_WHAT THIS TASK INVOLVES:_
From the data underneath, reproduce exactly the stretch that begins at the line with "index > 80." and ends after the line with "construction or retrofit.".

_RECORDS SUPPLIED:_
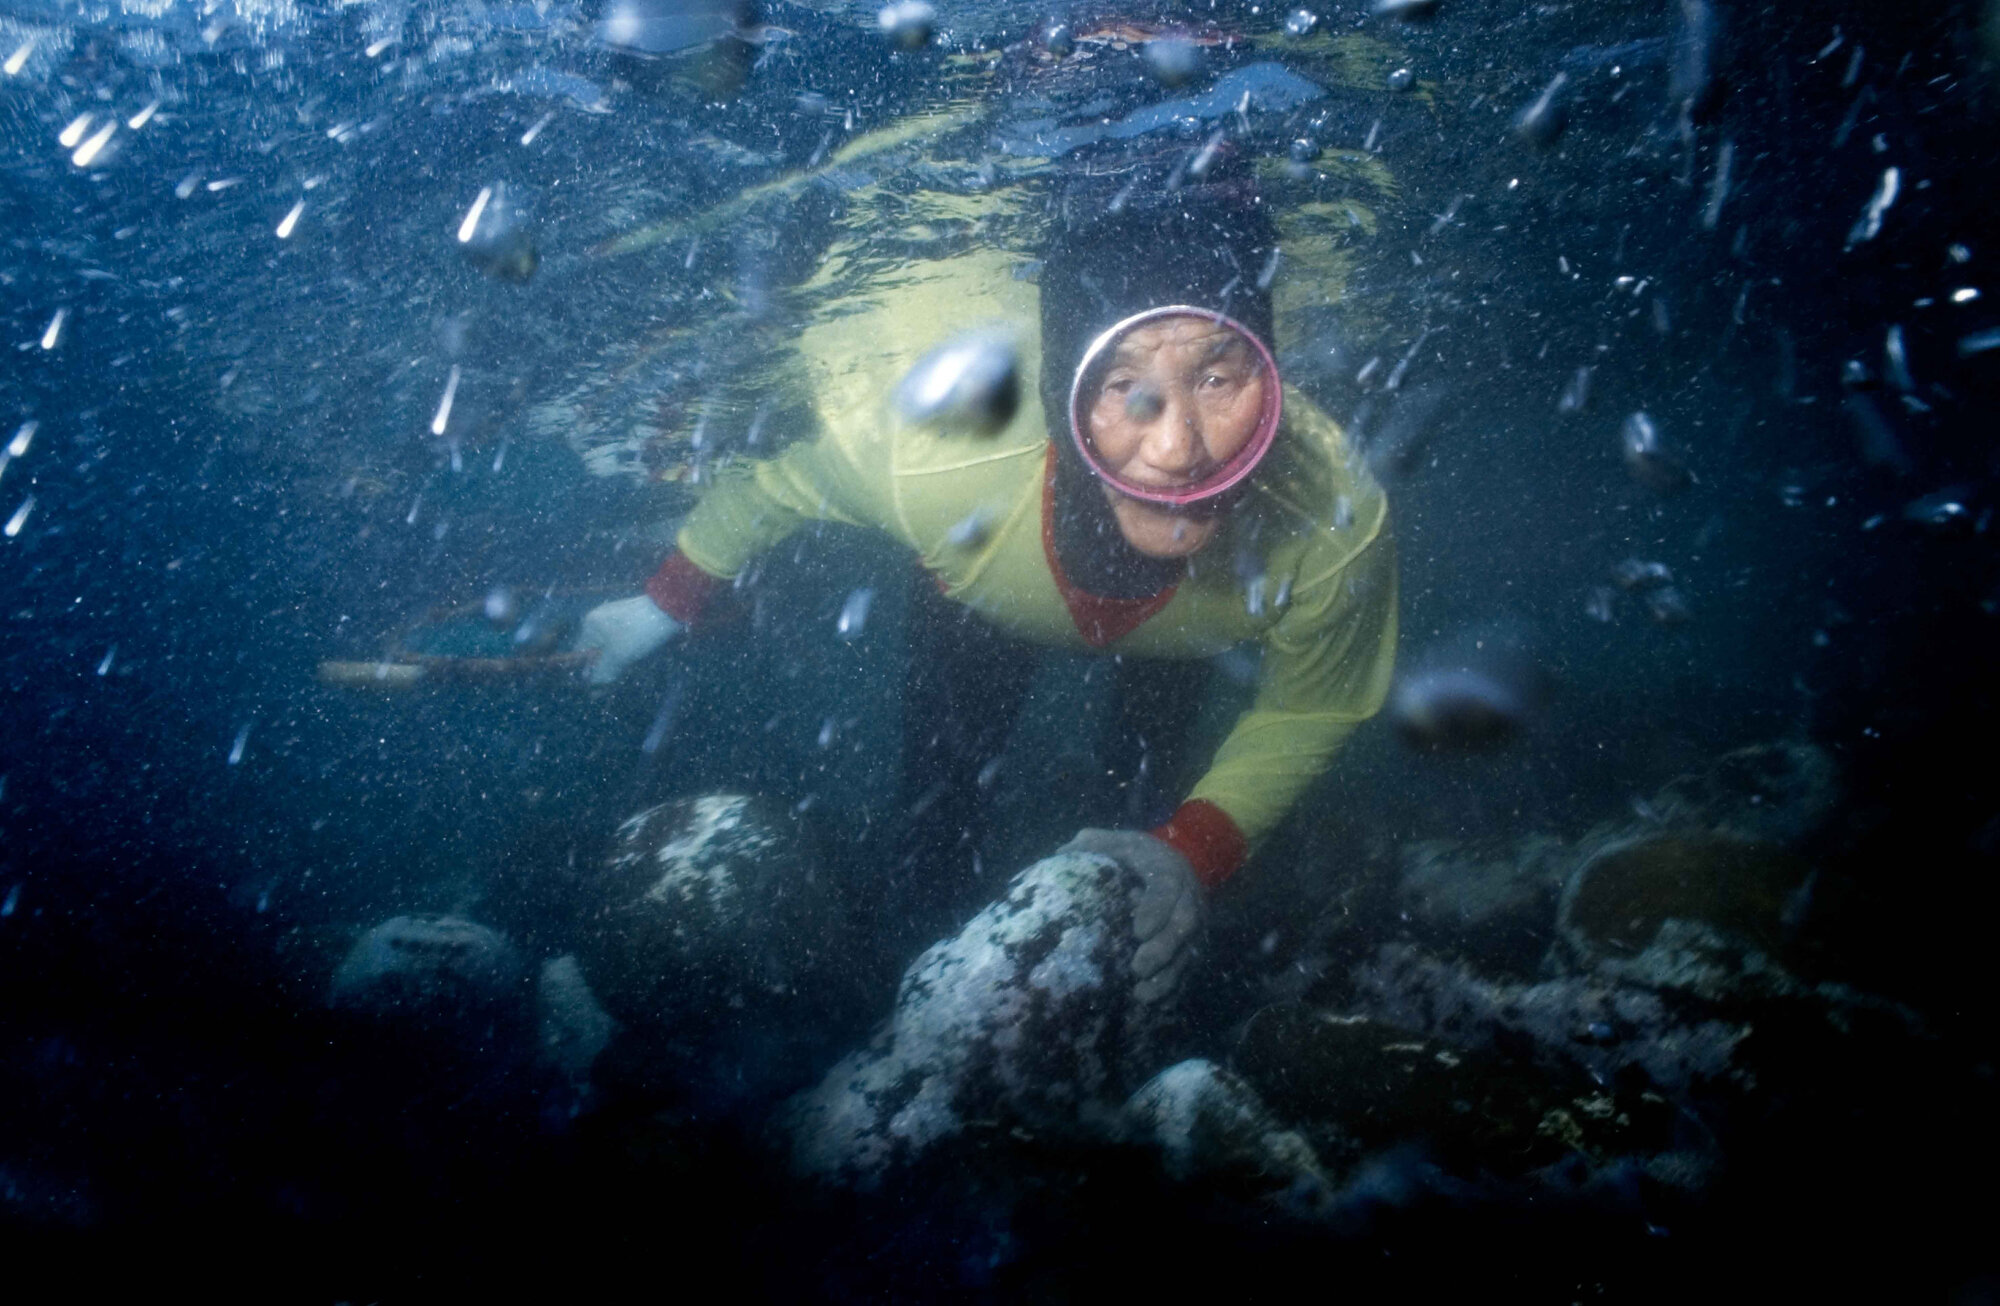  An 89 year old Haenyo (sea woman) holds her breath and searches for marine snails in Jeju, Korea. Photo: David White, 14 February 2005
--
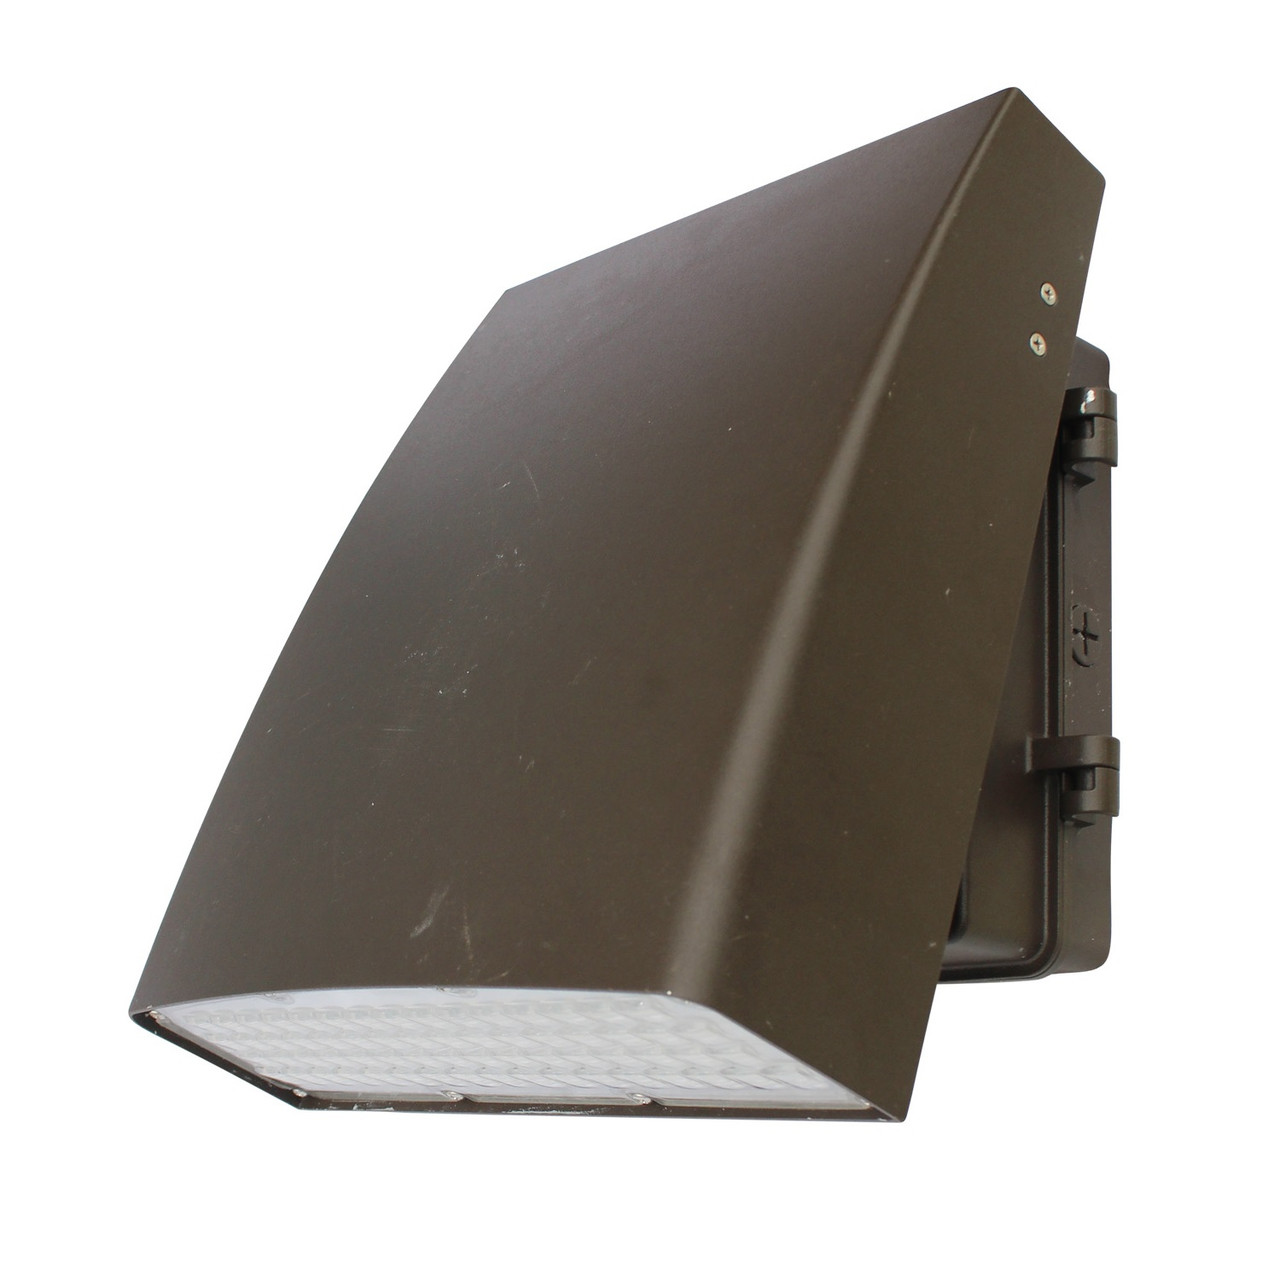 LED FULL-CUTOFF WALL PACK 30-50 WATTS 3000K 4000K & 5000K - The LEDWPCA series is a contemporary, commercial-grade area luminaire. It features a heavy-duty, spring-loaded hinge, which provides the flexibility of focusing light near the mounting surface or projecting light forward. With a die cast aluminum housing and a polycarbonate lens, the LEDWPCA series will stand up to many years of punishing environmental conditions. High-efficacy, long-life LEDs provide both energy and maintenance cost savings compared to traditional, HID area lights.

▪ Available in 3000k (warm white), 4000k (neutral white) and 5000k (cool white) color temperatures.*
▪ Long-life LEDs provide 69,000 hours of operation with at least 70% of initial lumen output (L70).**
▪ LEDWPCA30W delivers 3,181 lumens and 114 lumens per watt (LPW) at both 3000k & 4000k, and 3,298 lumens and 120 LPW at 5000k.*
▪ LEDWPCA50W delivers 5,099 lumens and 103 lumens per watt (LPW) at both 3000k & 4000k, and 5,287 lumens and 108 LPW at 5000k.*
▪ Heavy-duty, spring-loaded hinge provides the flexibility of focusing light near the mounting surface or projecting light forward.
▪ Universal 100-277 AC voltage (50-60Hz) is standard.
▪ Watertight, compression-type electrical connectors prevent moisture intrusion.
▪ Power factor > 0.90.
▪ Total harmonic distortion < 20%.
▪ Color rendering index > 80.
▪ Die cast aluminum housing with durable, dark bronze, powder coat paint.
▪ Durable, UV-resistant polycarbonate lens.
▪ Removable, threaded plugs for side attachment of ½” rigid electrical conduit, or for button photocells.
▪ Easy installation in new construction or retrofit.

_RESPONSE:_
▪ Color rendering index > 80.
▪ Die cast aluminum housing with durable, dark bronze, powder coat paint.
▪ Durable, UV-resistant polycarbonate lens.
▪ Removable, threaded plugs for side attachment of ½” rigid electrical conduit, or for button photocells.
▪ Easy installation in new construction or retrofit.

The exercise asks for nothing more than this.